Improving LLM Reasoning via Dependency-Aware Query Decomposition and Logic-Parallel Content Expansion

📄 arXiv: 2510.24390v1 📥 PDF

作者: Xianjun Gao, Jianchun Liu, Hongli Xu, Liusheng Huang

分类: cs.AI

发布日期: 2025-10-28


💡 一句话要点

提出Orion框架以解决LLM推理效率与质量的矛盾问题

🎯 匹配领域: 支柱九:具身大模型 (Embodied Foundation Models)

关键词: 大型语言模型 推理框架 查询分解 内容扩展 依赖关系 实时Web应用 性能优化

📋 核心要点

  1. 现有LLM推理方法在效率和质量之间难以平衡,导致Web服务性能受限。
  2. Orion框架通过依赖感知的查询分解和逻辑并行内容扩展,提升推理效率与质量。
  3. 实验结果显示,Orion在生成速度和延迟方面显著优于基线方法,同时推理质量也有显著提升。

📝 摘要(中文)

将大型语言模型(LLMs)集成到实时Web应用中,如AI驱动的搜索和对话代理,面临着高质量复杂推理与低延迟高吞吐量的需求之间的挑战。现有的LLM推理由于计算效率低下的顺序生成和僵化的推理策略,成为Web服务的瓶颈。为此,本文提出了Orion,一个新颖高效的推理框架,通过依赖感知的查询分解和逻辑并行内容扩展来克服这些限制。Orion将单一查询推理过程分解为两个协同阶段:关键点生成和内容并行扩展。实验表明,Orion在多个基准测试中实现了高达4.33倍的生成速度提升和3.42倍的延迟降低,同时推理质量提高了18.75%。

🔬 方法详解

问题定义:本文旨在解决大型语言模型在实时Web应用中推理效率低下和质量不高的问题。

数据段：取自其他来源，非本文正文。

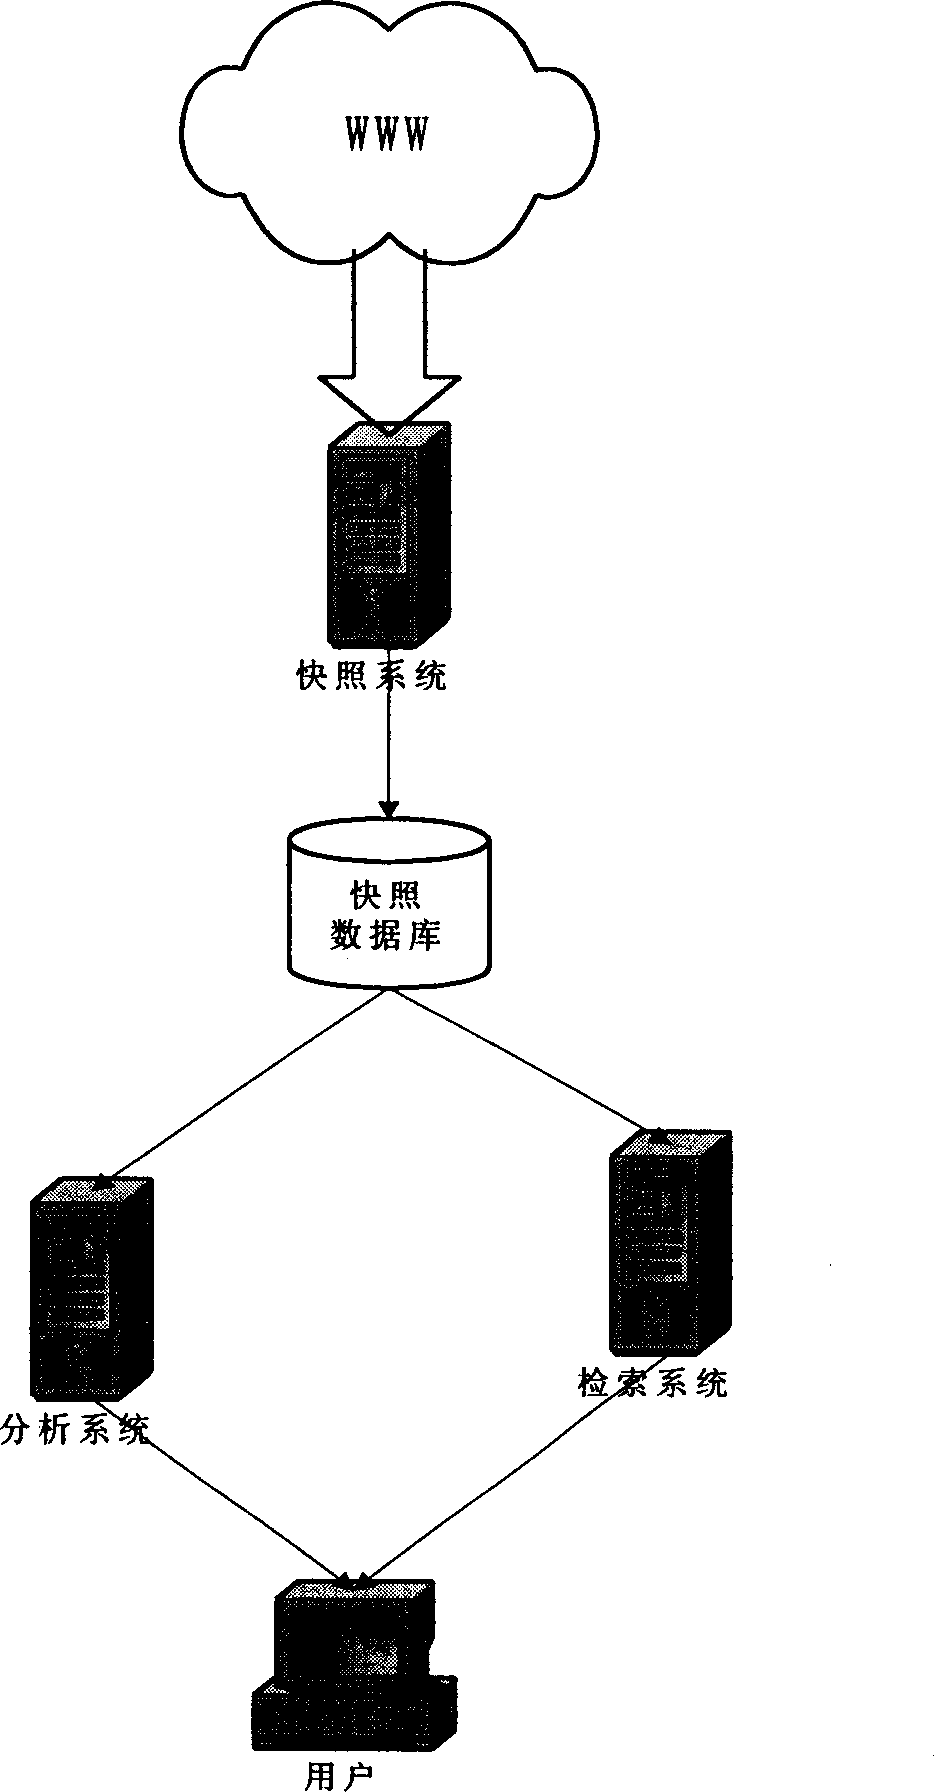 Method for recording and analysis of information over network by snap shot mode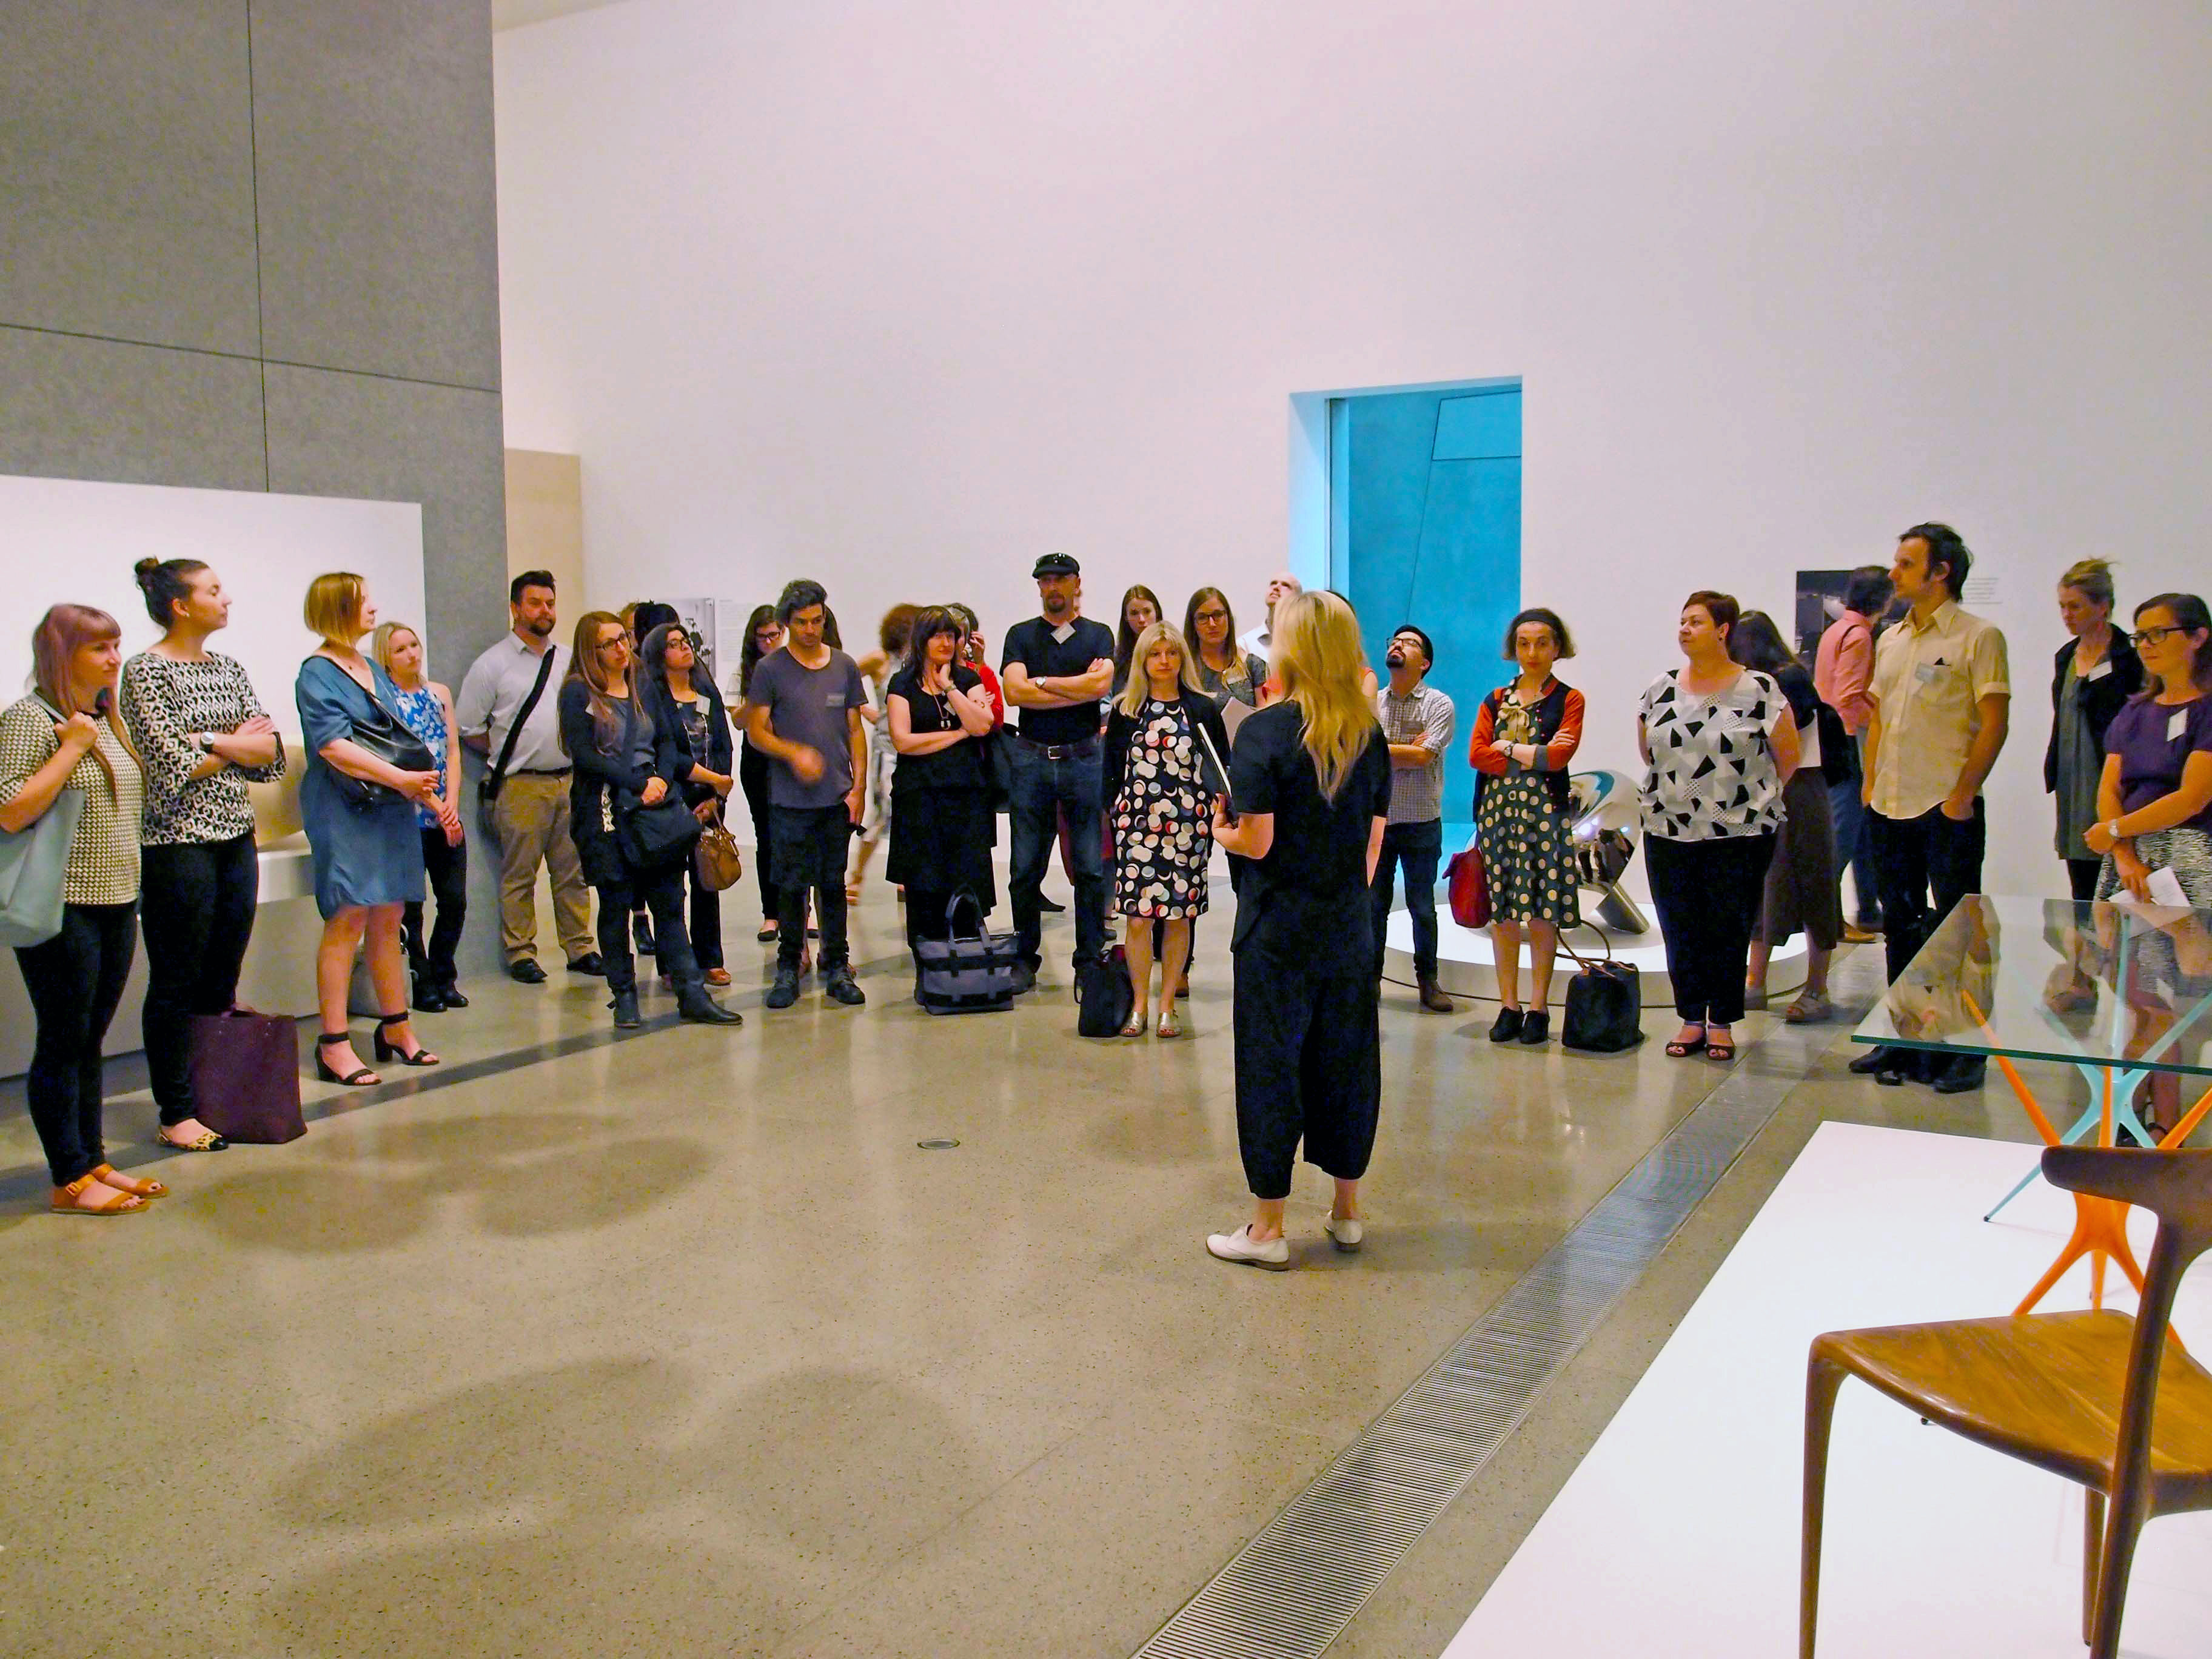  Tour of the Rigg Design Prize at the National Gallery of Victoria as part of the PGAV Curatorial Intensive 2015.

现有方法通常只能优化效率或质量,难以兼顾。

核心思路:Orion框架通过将查询推理过程分解为关键点生成和内容并行扩展两个阶段,利用依赖关系提高推理的逻辑一致性和效率。

技术框架:Orion的整体架构包括两个主要模块:第一阶段为关键点生成,使用检索增强的少量提示生成逻辑结构化的关键点;第二阶段为内容并行扩展,基于依赖图同时扩展这些关键点。

关键创新:Orion的创新在于引入了依赖感知的查询分解和逻辑并行内容扩展,能够在多个查询之间实现交叉查询并行,从而显著提升推理性能。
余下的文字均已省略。